Reverend Jesse Jackson and several other African-American leaders have blasted Adidas for introducing sneakers adorned with snap-on shackles. (Jay Paul/FOR THE WASHINGTON POST)

What were the executives at Adidas thinking?

That’s what everyone’s been asking ever since the company unveiled a new line of sneakers equipped with snap-on shackles that resemble those placed on inmates and slaves. Not surprisingly, the announcement touched off a furor, particularly among black leaders, who denounced it as crass and insensitive.

In the end, Adidas apologized and dropped the idea in the face of mounting criticism and a possible boycott of its brand. But in the wake of the controversy, many observers were left wondering whether the executives at Adidas are completely out of touch, unabashed in their pursuit of profits – or both.

At a minimum, it is doubtful that the company has adequately integrated principles of corporate social responsibility into its business model, even as a growing number of companies embrace good corporate citizenship as essential to their long-term survival.

Indeed, had Adidas executives asked themselves a few basic questions, the idea of a sneaker adorned with shackles would have been left where it belonged: on the drawing board. So with the Adidas episode in mind, here are a few questions that any socially responsible company should consider before introducing a new service, product or campaign.

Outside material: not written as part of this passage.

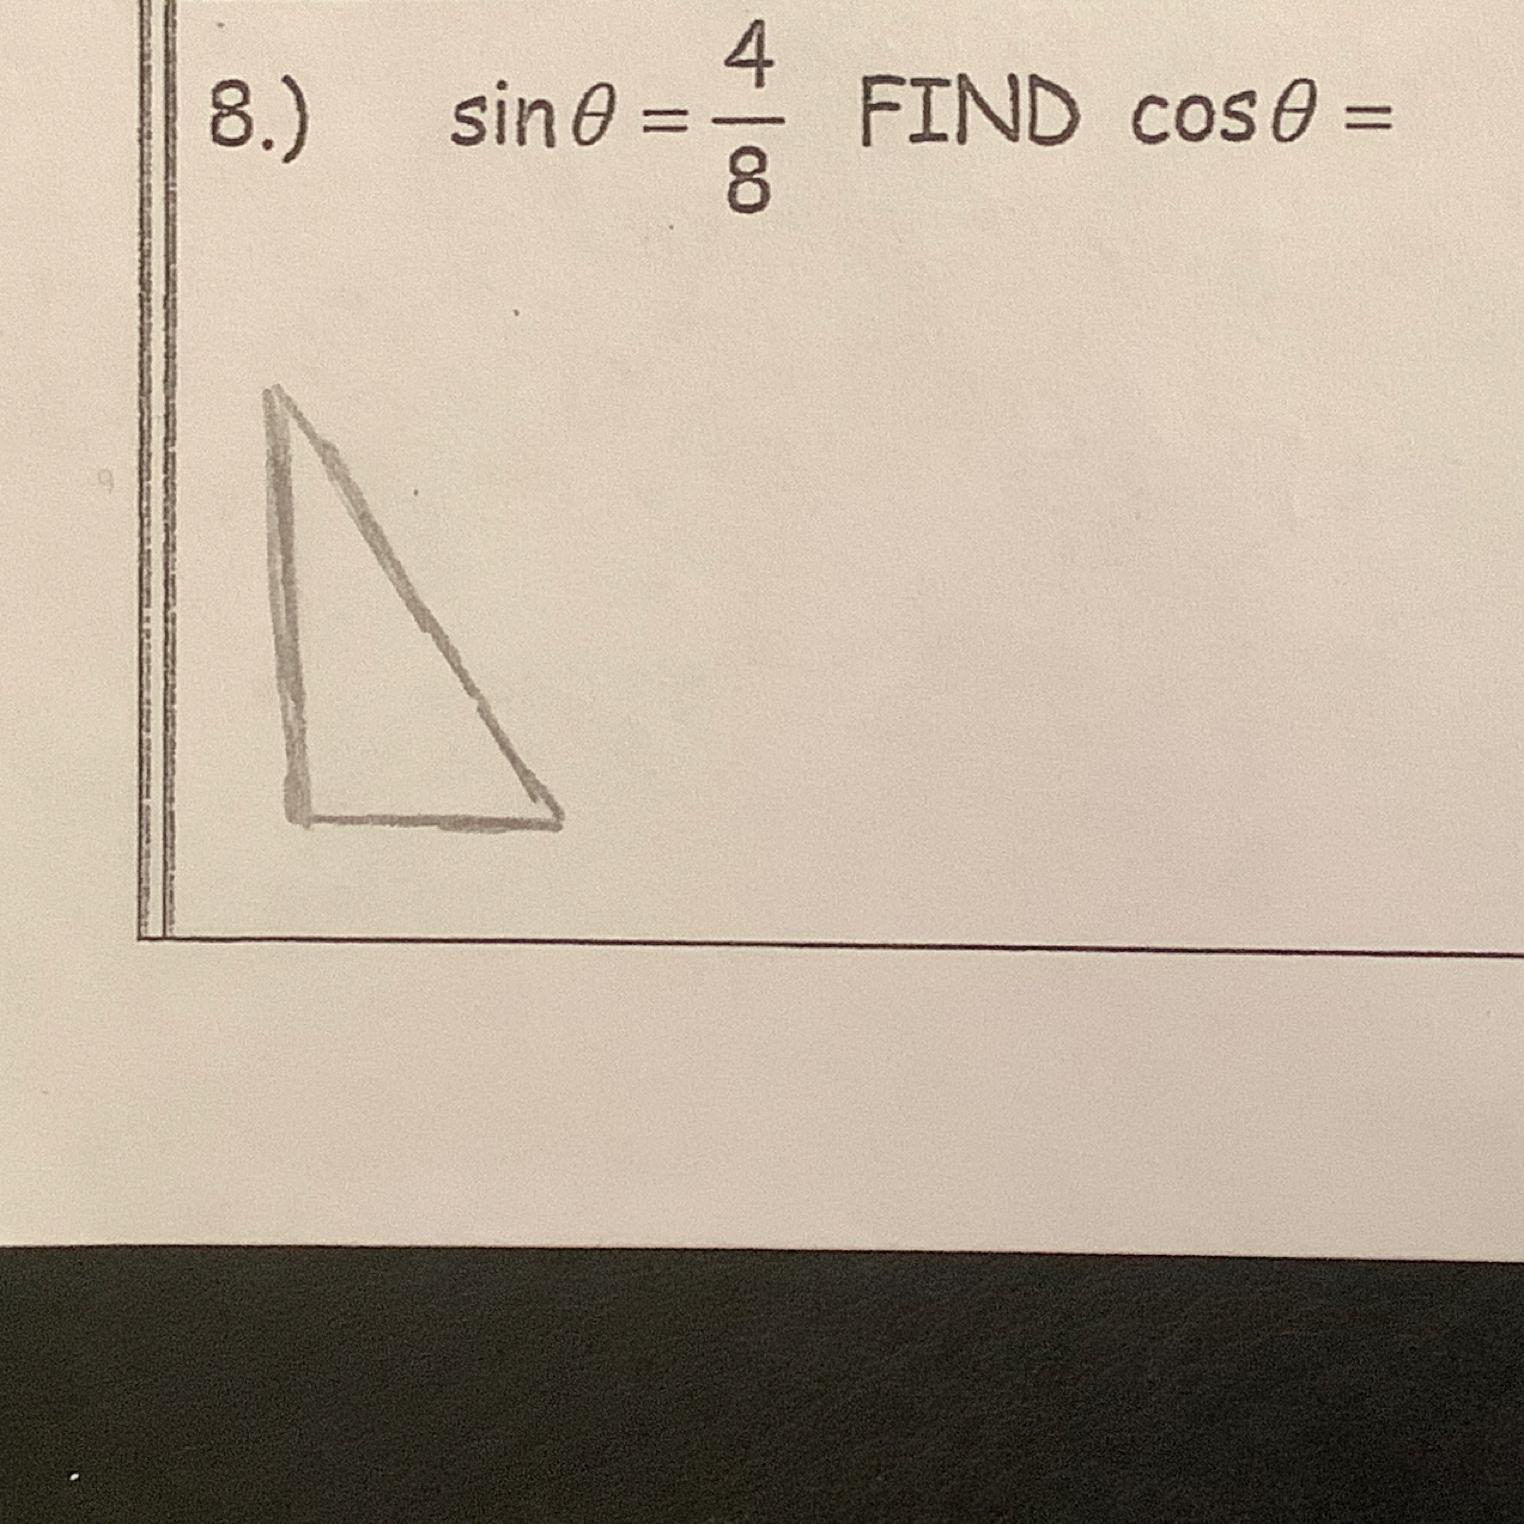 Draw The Triangle And Find The Missing Side Then Find The Indicated Trigonometric Value. How Do I Solve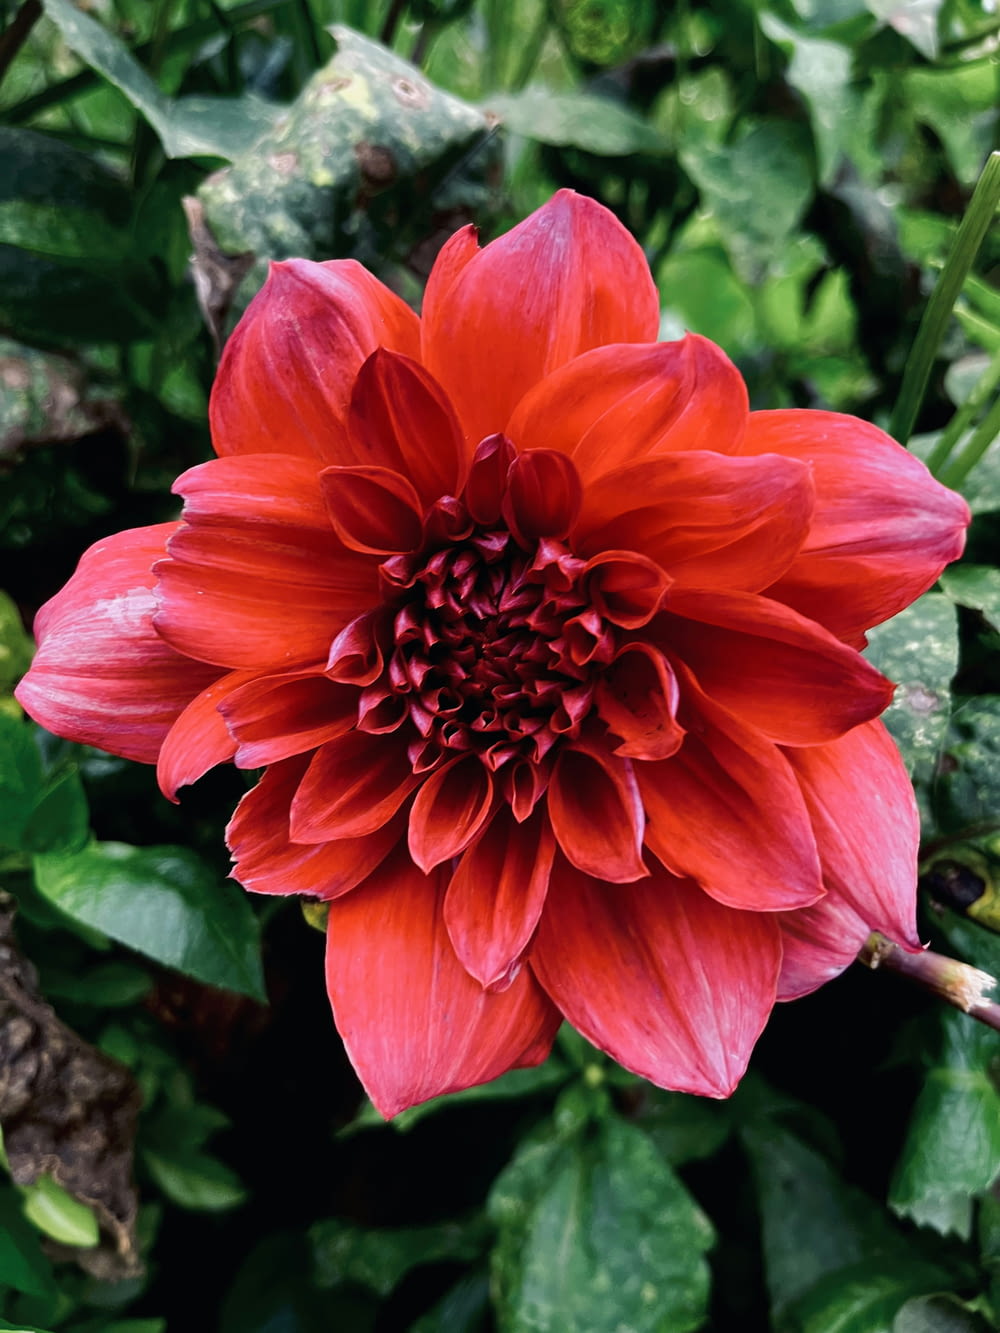 a large red flower surrounded by green leaves

Does the new project reflect the core values your company wants to project?

In the case of Adidas, it is hard to conceive of any justification for a marketing plan built around the image of a shackle - beyond, of course, a desire to make a splash in the marketplace and generate profits. That is probably why Adidas quickly apologized and left the matter at that -- without excuses or much explanation.

Do you fully appreciate the needs, sensitivities and background of your target audiences?

Adidas is no ordinary sports apparel company. It has an intense following in the African-American community, and that community has, in turn, served to keep the company on the map for decades.

Even a little bit of market research would have led executives to conclude that they should avoid an image as freighted with emotional baggage as the shackle. Some critics decried the shackles as a glorification of the prison culture popular among some urban youths; others complained that the shackles raised the ugly specter of slavery.

What impact are you having on particular groups or society at large?

Social awareness is a key component of corporate social responsibility. Good corporate citizens often consider the social consequences of their actions. For them, short-term profits alone do not equal success, particularly if they undermine the organization’s good standing in the community.

Did it occur to the folks at Adidas that they might plunge the nation into another painful conversation about race with this ill-conceived marketing gimmick?

Are you creating good will or destroying it?

Good will is an essential part of any business. At its core, good will is the product of a number of factors, including customer satisfaction, marketing, community relations and advertising. It takes years for a company to earn good will. And it can vanish in an instance.

So while Adidas executives may have expected to make a splash with this new line of sneakers, it is doubtful that they considered the potential for damage to the company’s standing.

Note that Adidas is no stranger to this type of public controversy. Just a year ago, the company was on the defensive in New Zealand, where it had designed and marketed the official uniform for the national rugby team, the All Blacks. An outcry ensued after fans discovered that All Blacks team shirts were being sold in New Zealand for double the price of similar shirts sold online in the United States.

Adidas compounded the problem by refusing to cut its price in New Zealand, prompting local retailers to cut prices themselves and absorb the losses. In the wake of the controversy, some commentators noted that Adidas failed to understand a basic reality in New Zealand: the All Blacks are not just another team, they are a national treasure. One has to wonder how a more socially attuned corporate citizen might have handled that situation.

Back here in the United States, Adidas is hardly in the clear. No less a civil rights figure than Reverend Jesse Jackson condemned Adidas for allowing “such a degrading symbol of African-American history to pass through its corporate channels and move toward actual production and advertisement.” He added that the move was “insensitive and corporately irresponsible.”

Only time will tell whether Adidas has done irreparable damage to its brand. But in the meantime, its experience can provide a powerful lesson to other companies: Keep the imperatives of corporate social responsibility in mind as you embark on your next business venture.

Shrita D. Sterlin is chief executive and brand officer of Penn Strategies, a Bethesda-based branding, public relations and marketing firm.